Dario Amodei, Anthropic CEO, speaking on CNBC’s Squawk Box outside the World Economic Forum in Davos, Switzerland on Jan. 21st, 2025.

Gerry Miller | CNBC

Anthropic on Tuesday announced it has closed a $13 billion funding round at a $183 billion post-money valuation, roughly triple what the artificial intelligence startup was worth as of its last raise in March.

The most recent funding round was led by Iconiq, Fidelity Management & Research Company and Lightspeed Venture Partners.

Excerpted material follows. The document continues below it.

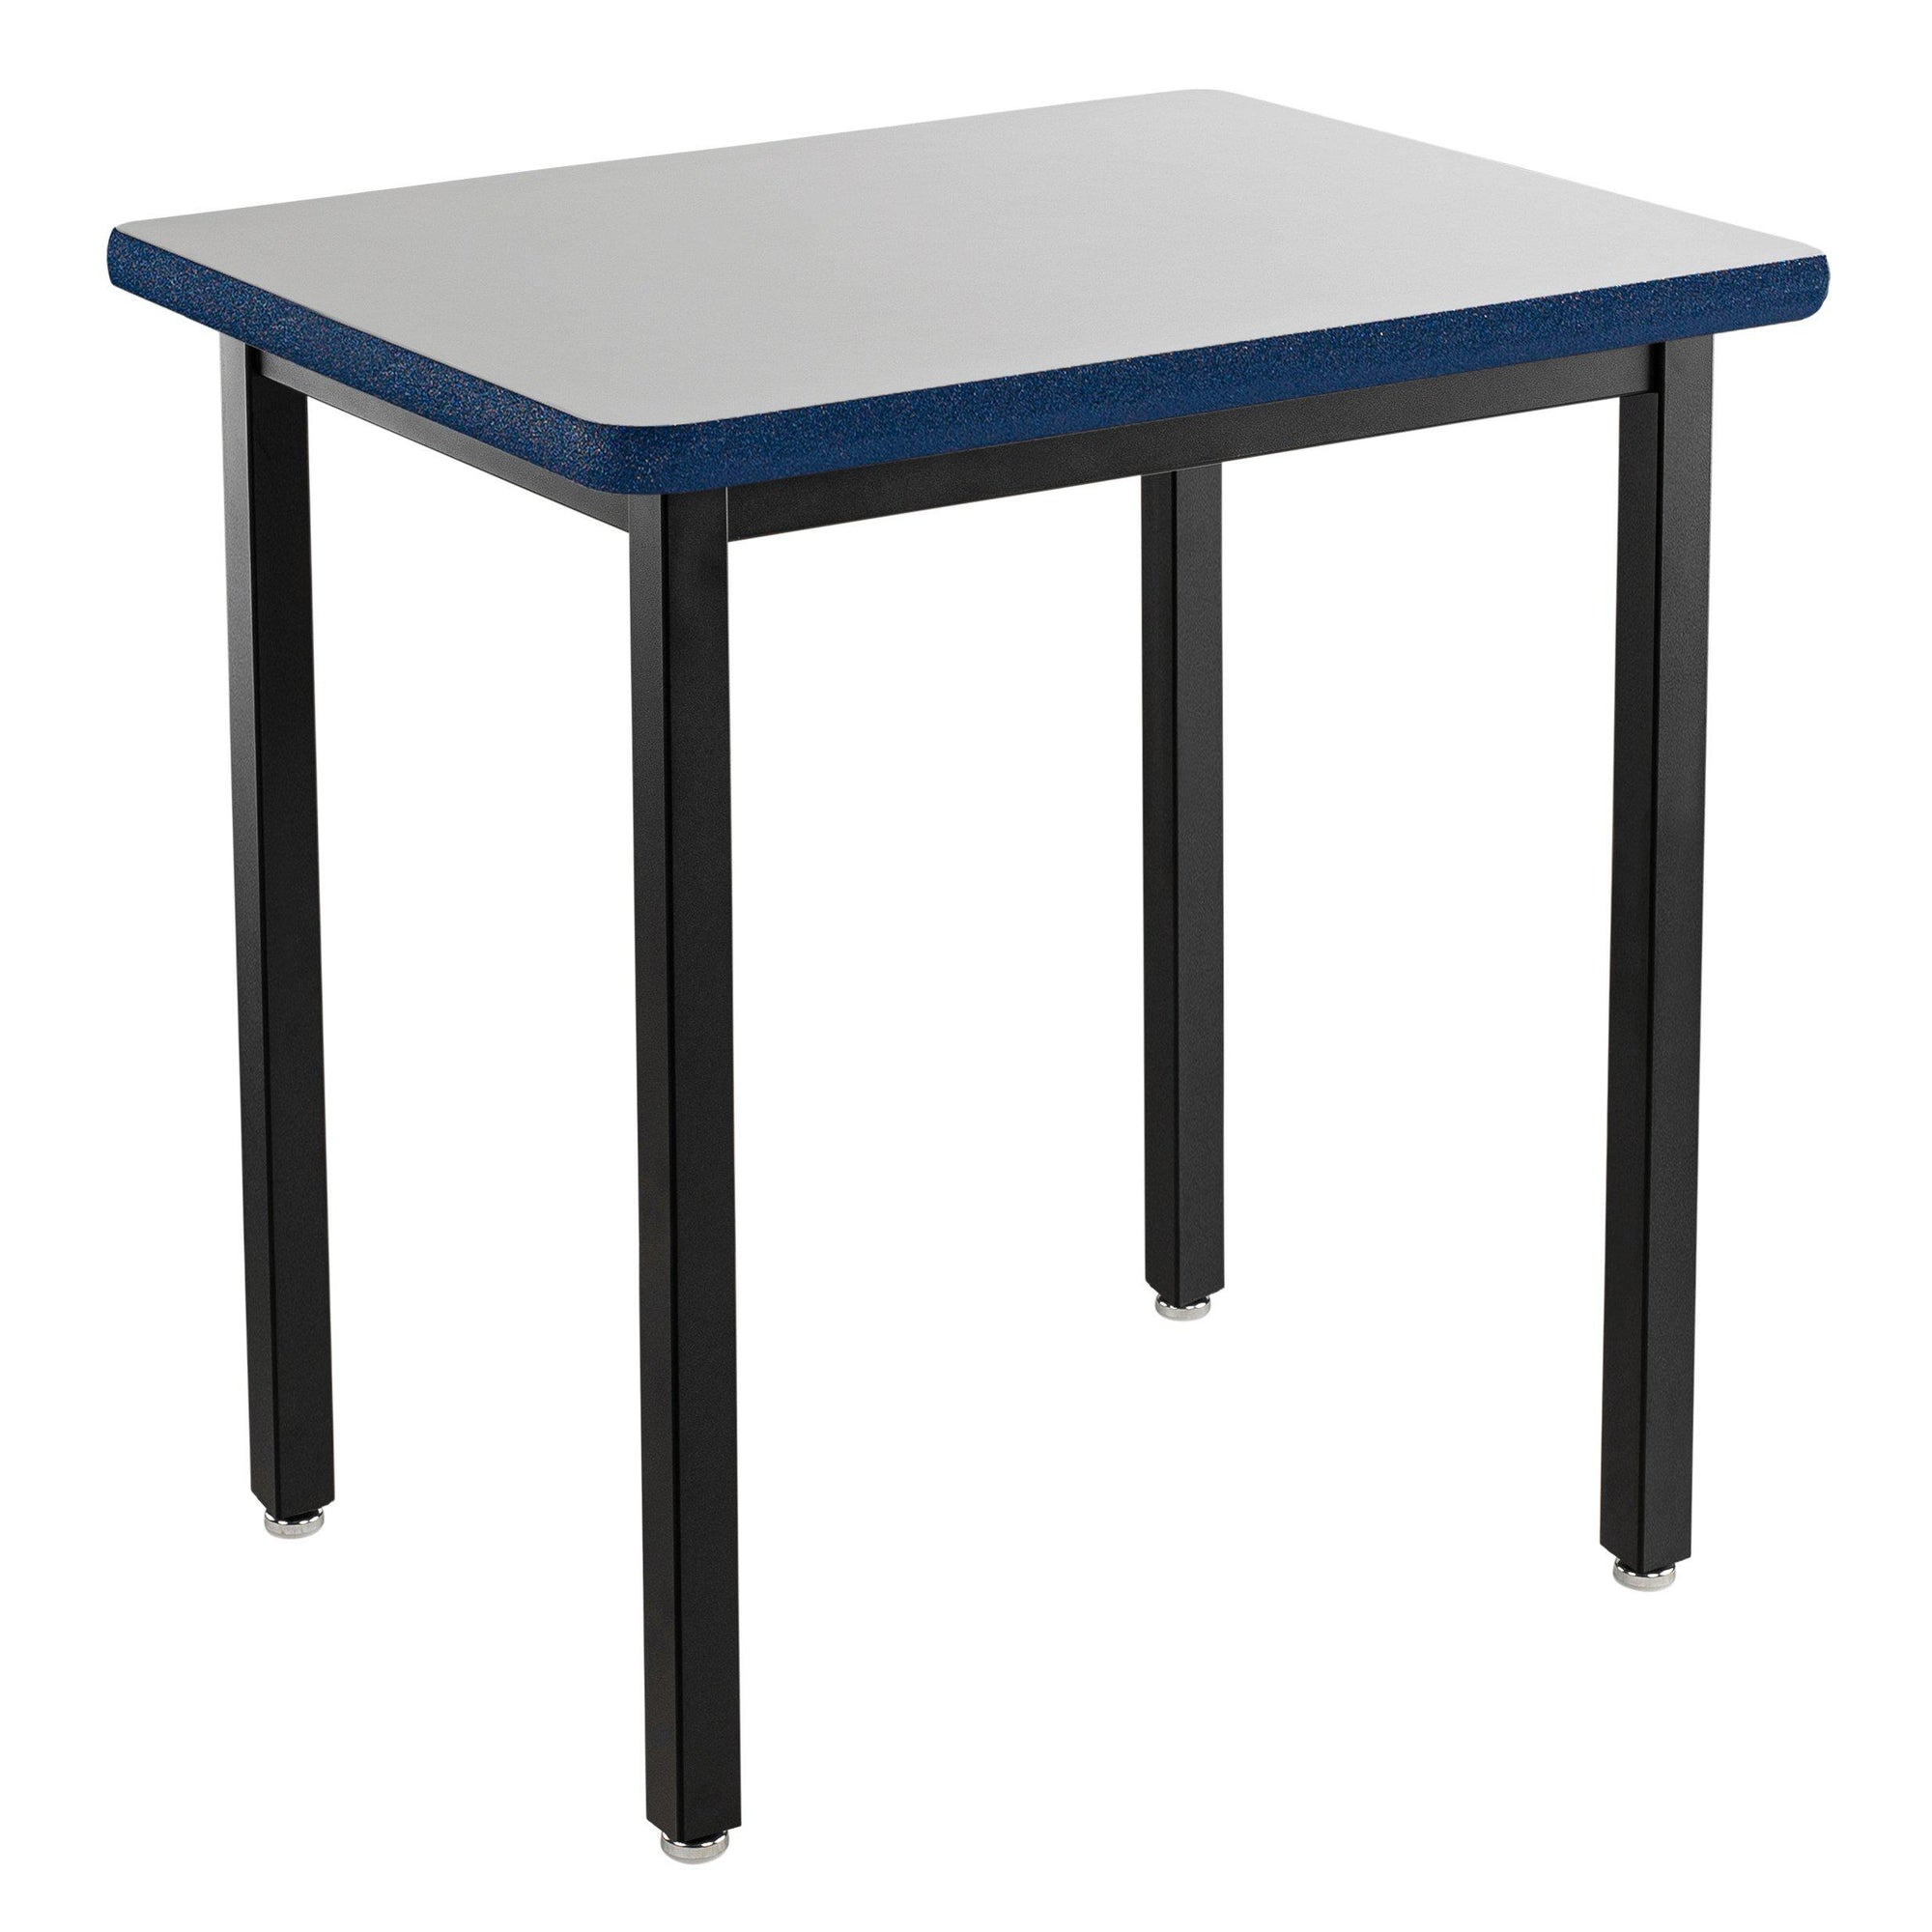 Heavy-Duty Fixed Height Utility Table, Black Frame, 36" x 36", Supreme High-Pressure Laminate Top with Black ProtectEdge
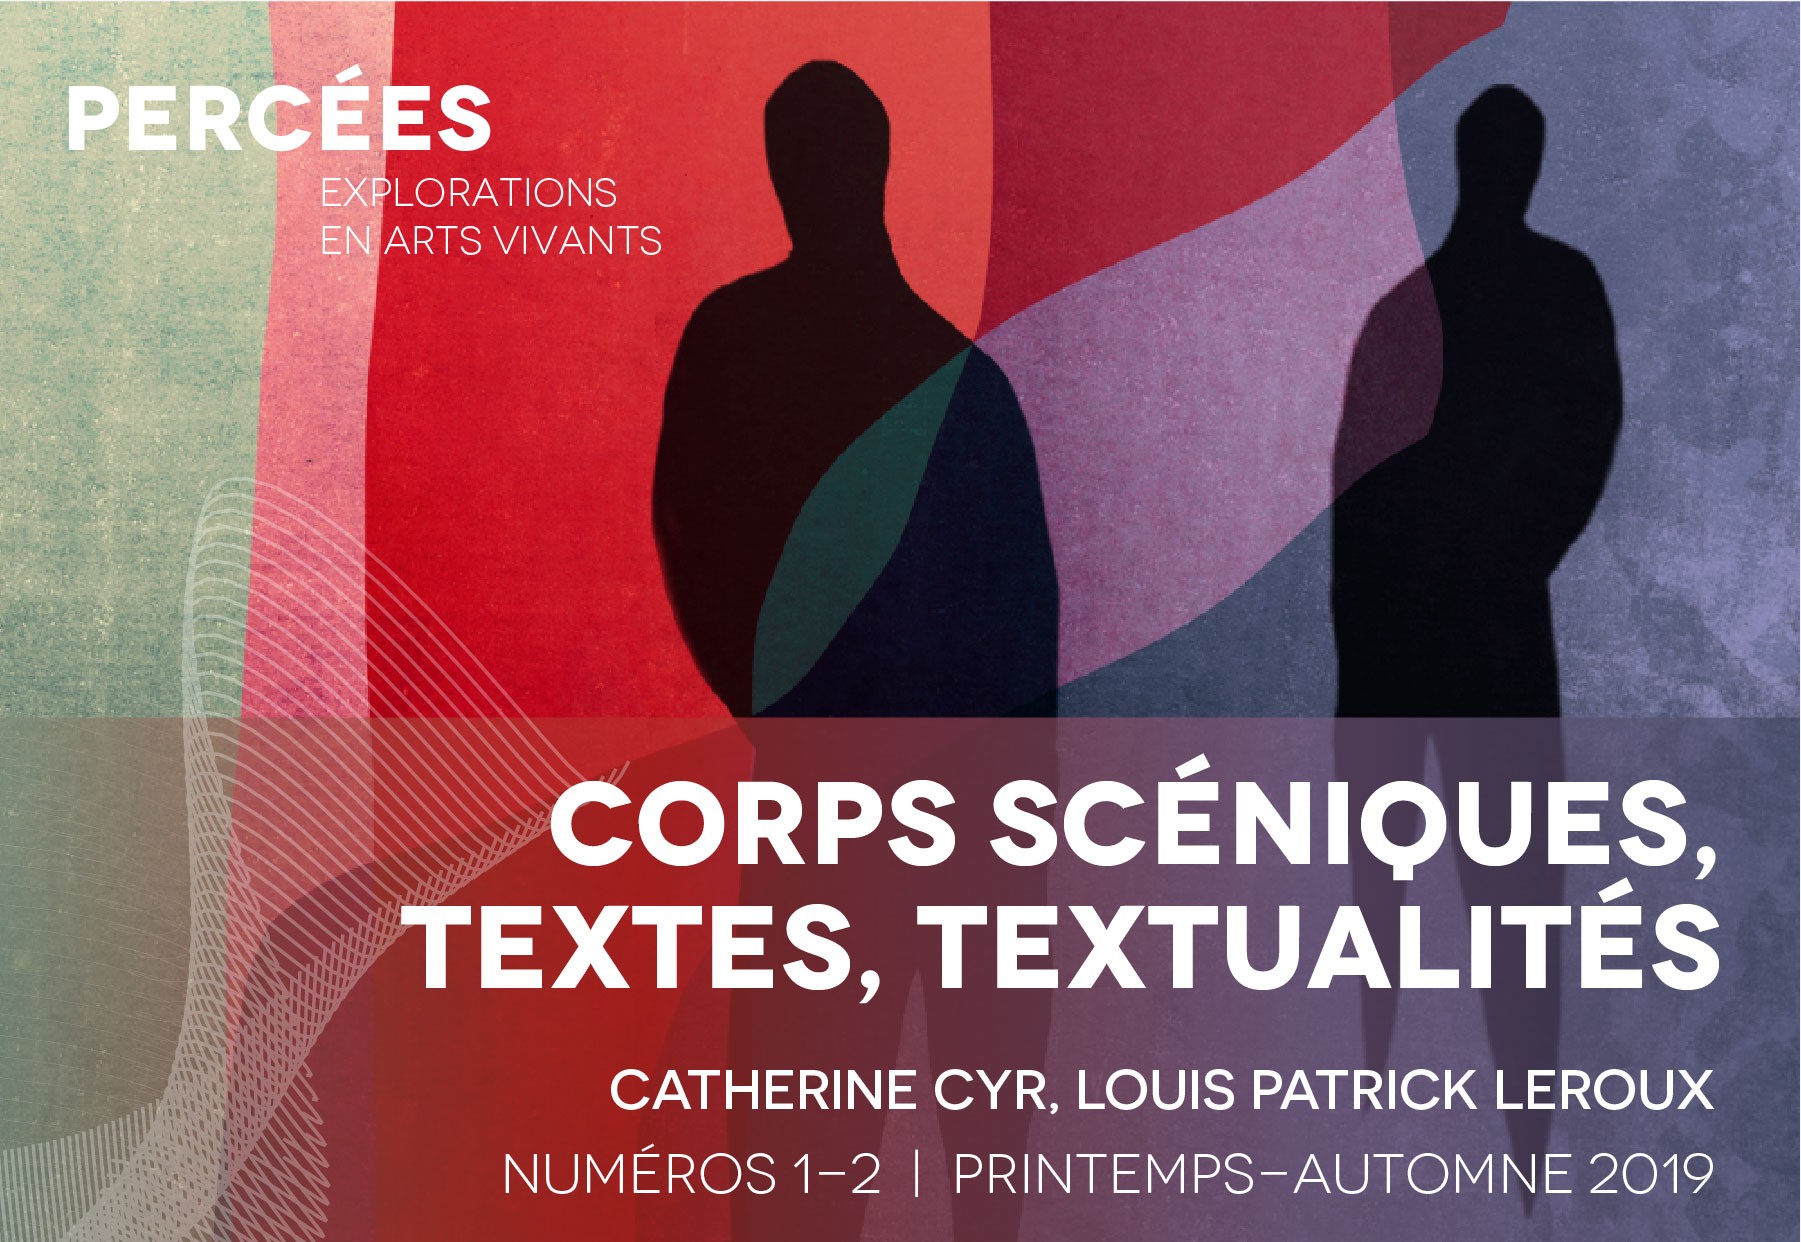 Book cover of Corps scéniques, textes, textualités Edited by Catherine Cyr and Louis Patrick Leroux

Other investors including Altimeter, General Catalyst and Coatue also participated, Anthropic said.

“This financing demonstrates investors’ extraordinary confidence in our financial performance and the strength of their collaboration with us to continue fueling our unprecedented growth,” Anthropic finance chief Krishna Rao said in a statement.

Anthropic’s valuation has been on a steep climb since it announced its AI assistant Claude in March 2023. The Amazon-backed startup was founded by former OpenAI research executives, including its CEO Dario Amodei.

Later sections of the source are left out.